Statistical analyses
To investigate how the pairwise log response ratio of the mean population parameters was affected by geographic and macroclimatic distance between populations, system type (island versus mainland) and taxonomy, we fitted Bayesian phylogenetic mixed models using the MCMCglmm package (Hadfield 2010).
We ran two general models, corresponding to phenotypic variability and genetic diversity respectively. For these general models, the model structure was: log_ratio(phenotypic trait or genetic diversity) ~ factor(mainland vs. island) + log10(geographic distance) + Kingdom (plant vs. animal) + macroclimatic distance + interaction (mainland vs. island) : log10(geographic distance) + interaction (mainland vs. island): macroclimatic distance . The models included phylogeny, study ID, and the response variable type (e.g. size, heterozygosity, totalling 16 levels for genetic diversity and 7 levels for phenotype variability, see Fig. S2.2 b, c) as random intercepts. Our models accounted for potential pseudoreplication issues associated with the process of pairwise comparison across populations and the phylogenetic structure of the data. If a population was represented in more than one pairwise comparison, using the full set of pairwise combinations for any group of populations would result in pseudoreplication. To avoid this, we used random pairwise comparisons between populations without replacement to create datasets where each population can only be represented once. For example, for comparisons in a system with three island populations, each dataset would only include one pairwise comparison to avoid any given population being represented more than once. To capture the full set of possible pairwise comparisons, we created 100 pairwise datasets, and each was then used to independently test our hypotheses. To ensure that the results were not due to the evolutionary history of species, phylogeny was included in the MCMCglmm model as a random effect (Hadfield 2010). Rather than using one phylogenetic tree and assuming no error in the tree structure or branch length, we created a distribution of 100 phylogenies from various sources that incorporated the errors associated with building phylogenetic trees (Supporting material S4). As a result of accounting for pairwise pseudoreplication and phylogenetic uncertainty, we ran 100 MCMCglmm models as described in the Multree package (Guillerme and Healy 2014), with each separate run associated with an independent pairwise dataset and a random phylogeny. As the posterior outputs of MCMC models are combinable, coefficient distributions were created by amalgamating coefficient posterior distributions from all runs.

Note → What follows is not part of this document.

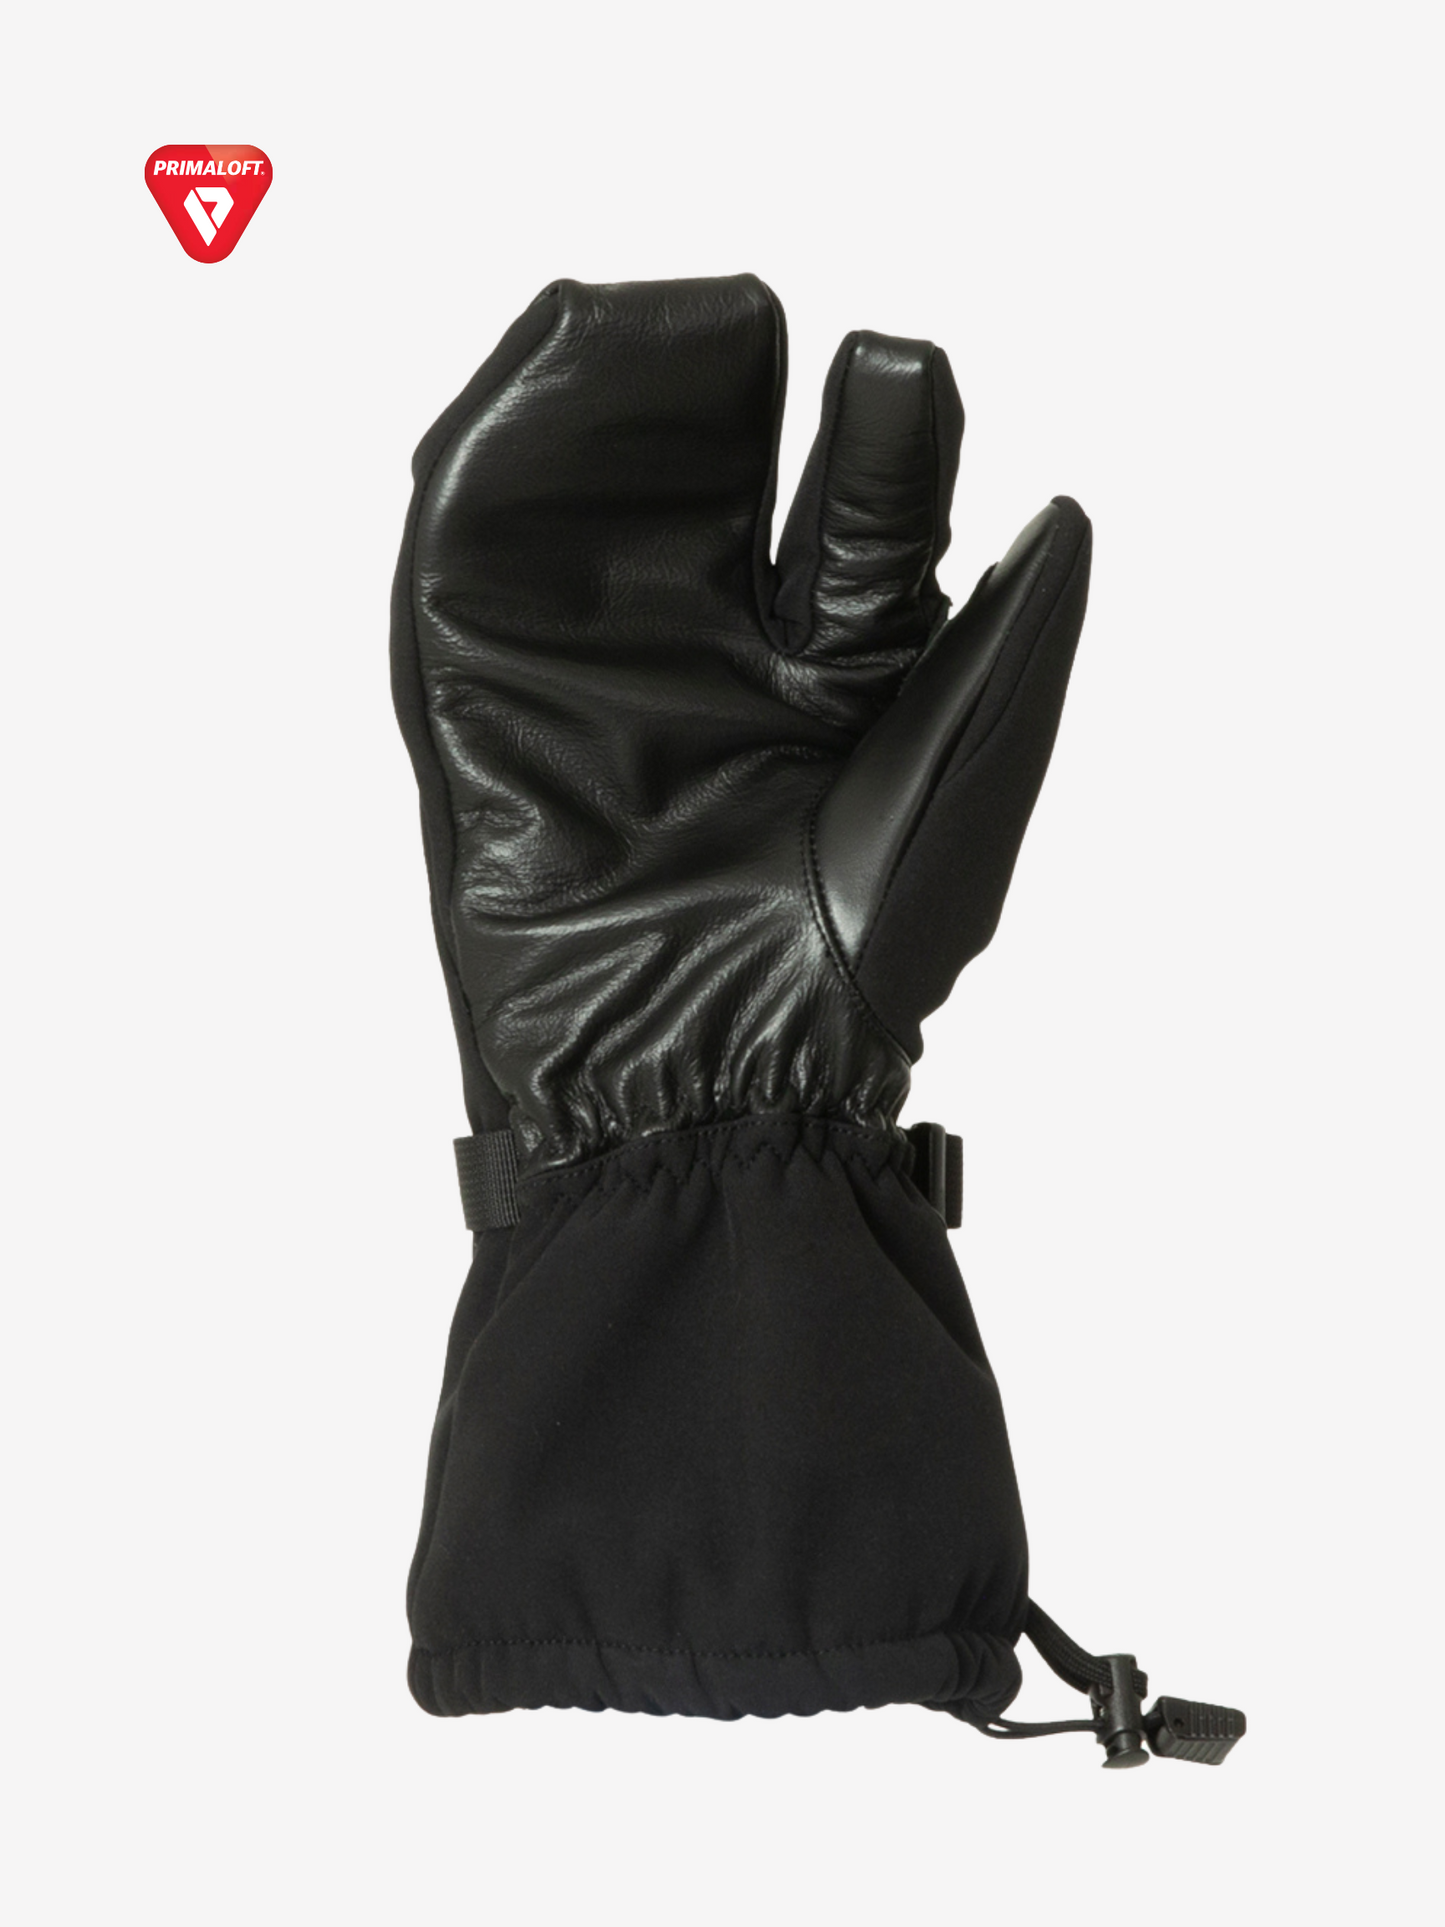 CS-ONE Series™ Shocker Glove
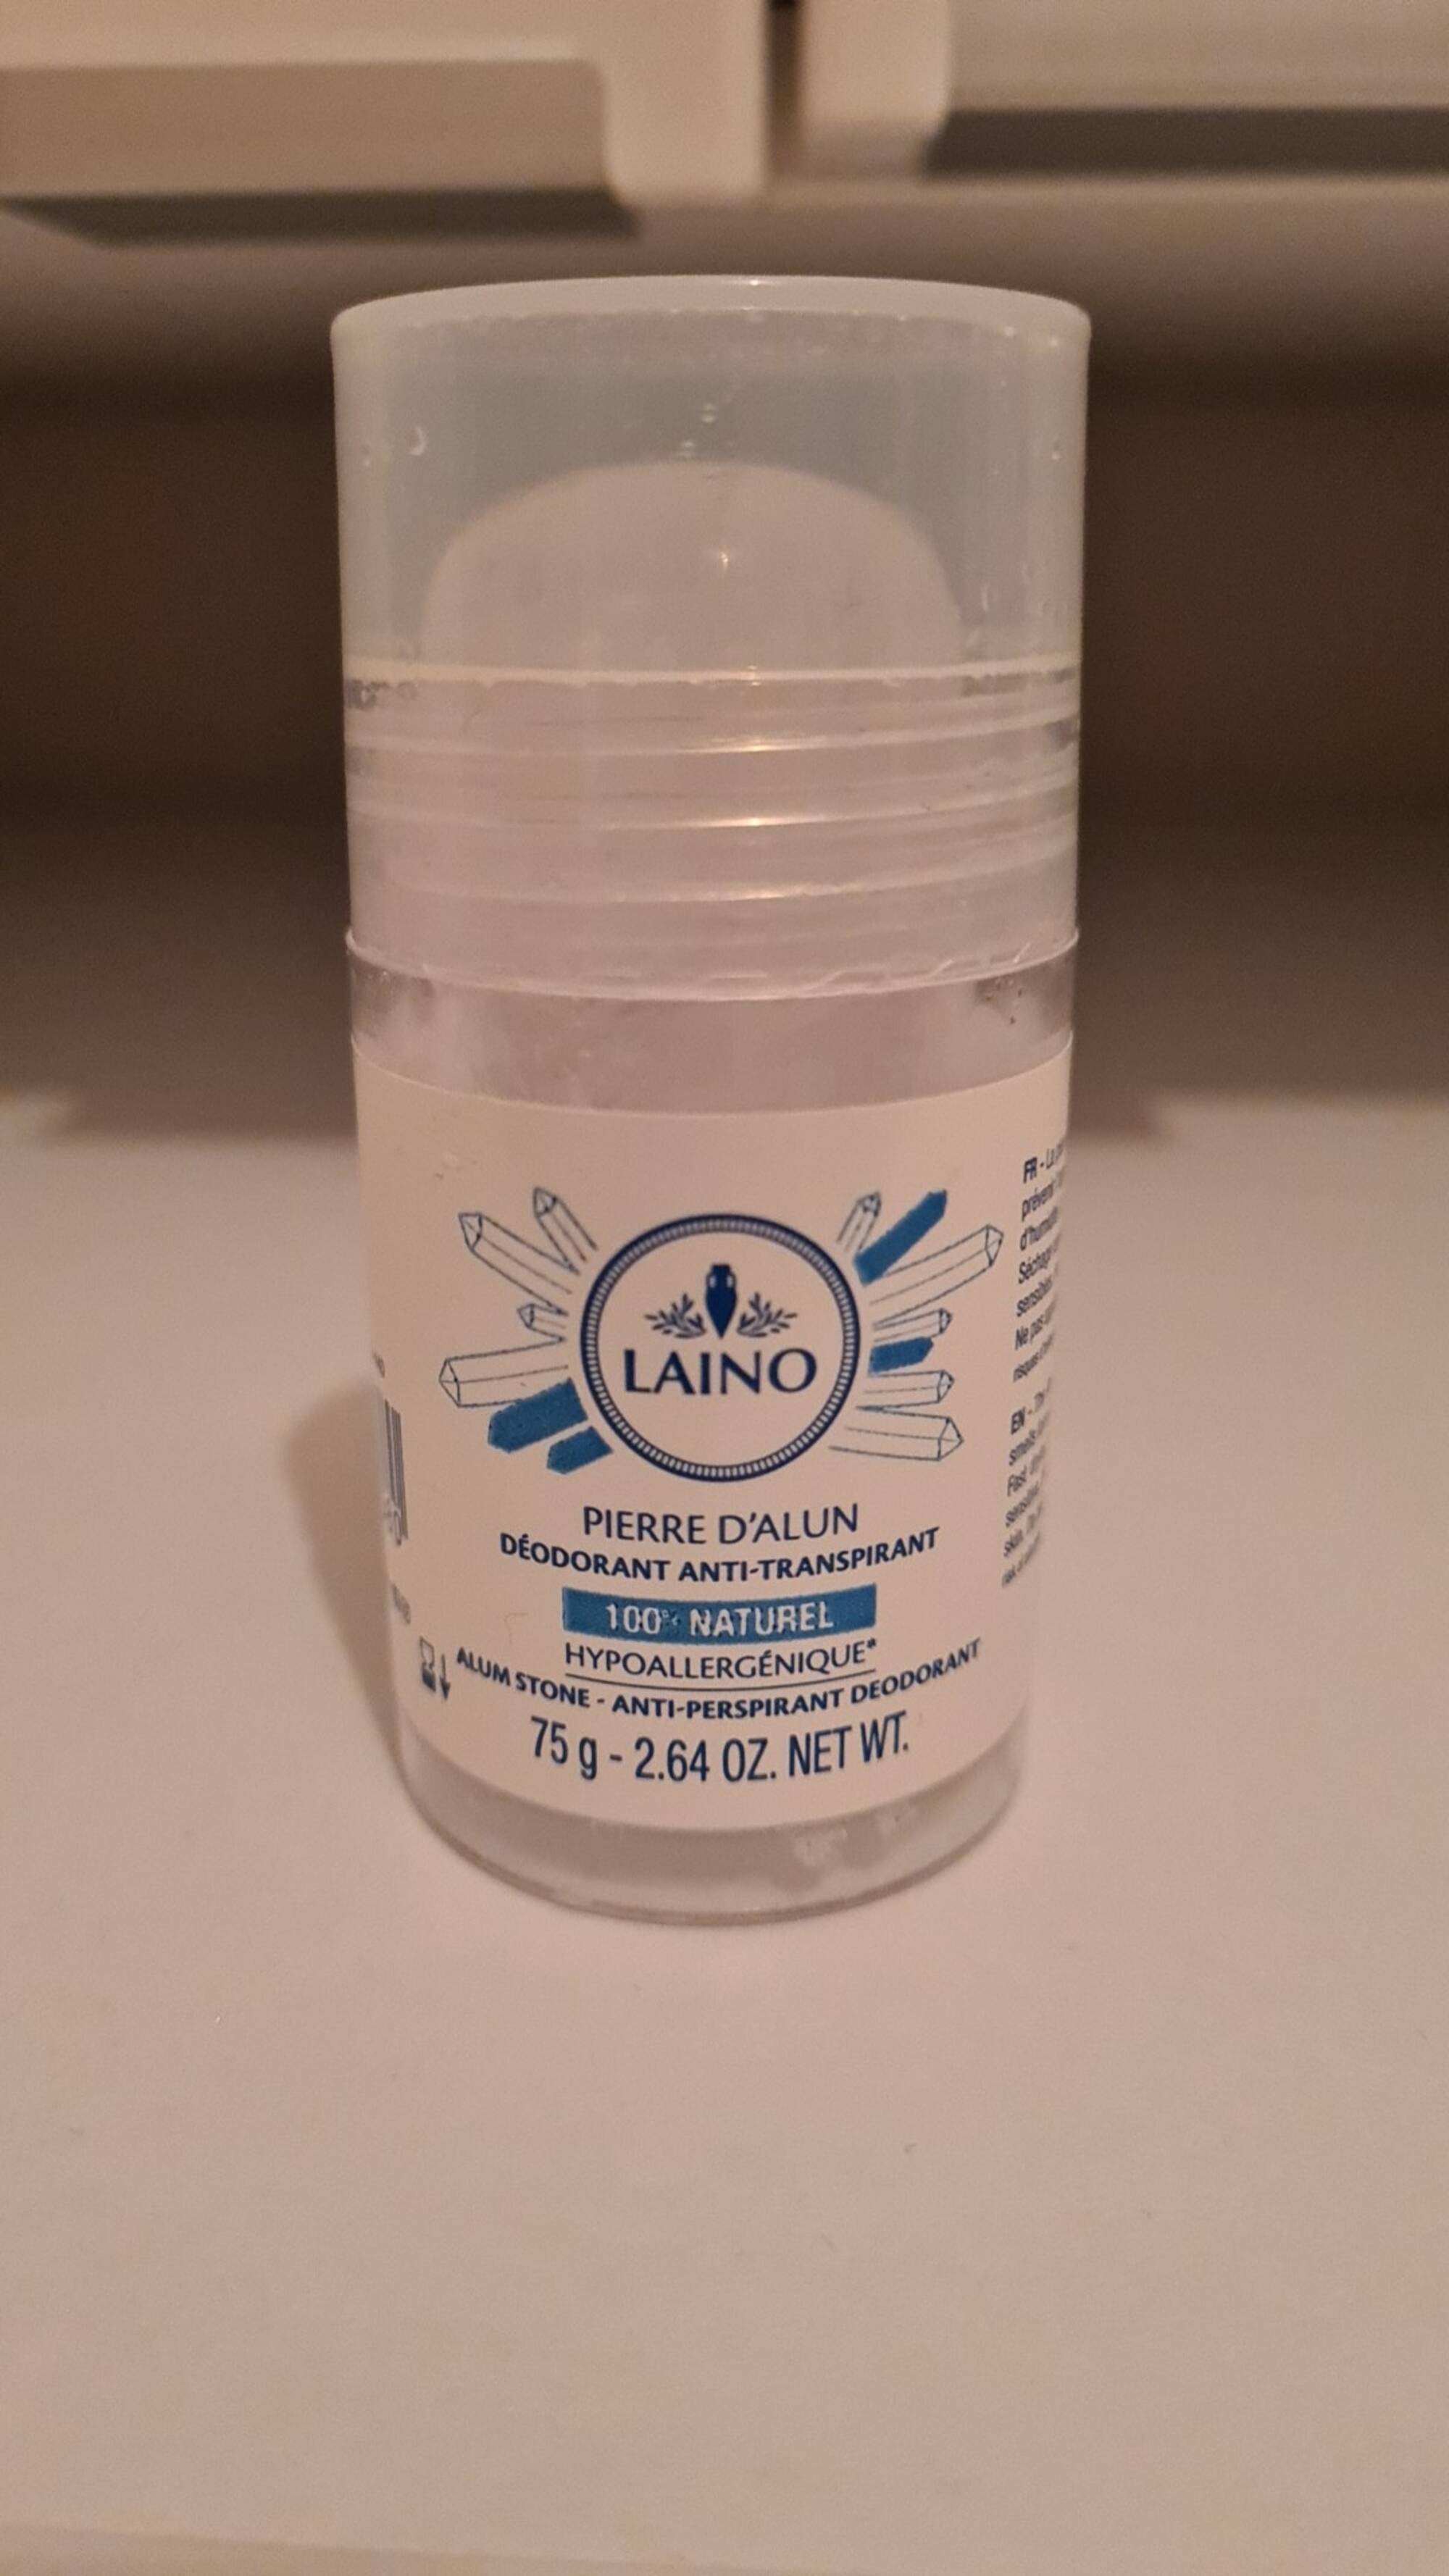 LAINO - Pierre d'alun - Déodorant anti-transpirant

The general phenotypic variability model included 43 species (7 plants, 36 animals) and the general genetic diversity model included 71 species (30 plants, 41 animals). Due to the different numbers of populations studied per species, each replicate model of the genetic and phenotypic models included a different number of associated pairwise measures between populations, ranging between approximately 1610-1640 and 1070-1190 respectively.
To assess the robustness of our results, we ran a series of additional models for both the phenotypic variability and neutral genetic diversity datasets, each exploring different limiting aspects of our data:i ) As zero values are common in measures of genetic diversity and biological phenotypes (e.g., lack of polymorphic loci in a population), and log ratio values cannot be calculated if any values are zero, these values were dropped from the main models (and from the results presented in the main text). To test the effect of zero-values on our analyses, we ran separate, “zero-adjusted” general models for both the phenotypic variability and neutral genetic diversity, in which we added 10% of the mean of the respective variable to all individual measurements.ii ) To explore the extent to which the general models were influenced by the response variables more frequently represented in the database, we ran separate models on the two most commonly measured variables in the dataset: body (or body part) size and heterozygosity. These models were fitted following the same method as the general models but had one random term (the response variable type) removed. Finally, as macroclimatic distance and geographical distances were correlated (Fig. S6.3), we also ran each of the main models with either the macroclimatic distance or geographical distance excluded. The models built this way could not accommodate non-neutral genetic differentiation between populations, because the unit of observation in our study was the population. Likewise, the models did not accommodate existing models of population variability developed specifically for island systems, such as the effect of island size or distance of islands from the mainland, which are difficult to correspond to mainland systems, and fell beyond the scope of this analysis.
The structure of all models together with the number of species and corresponding pairwise population measurements is presented in Supporting material S5.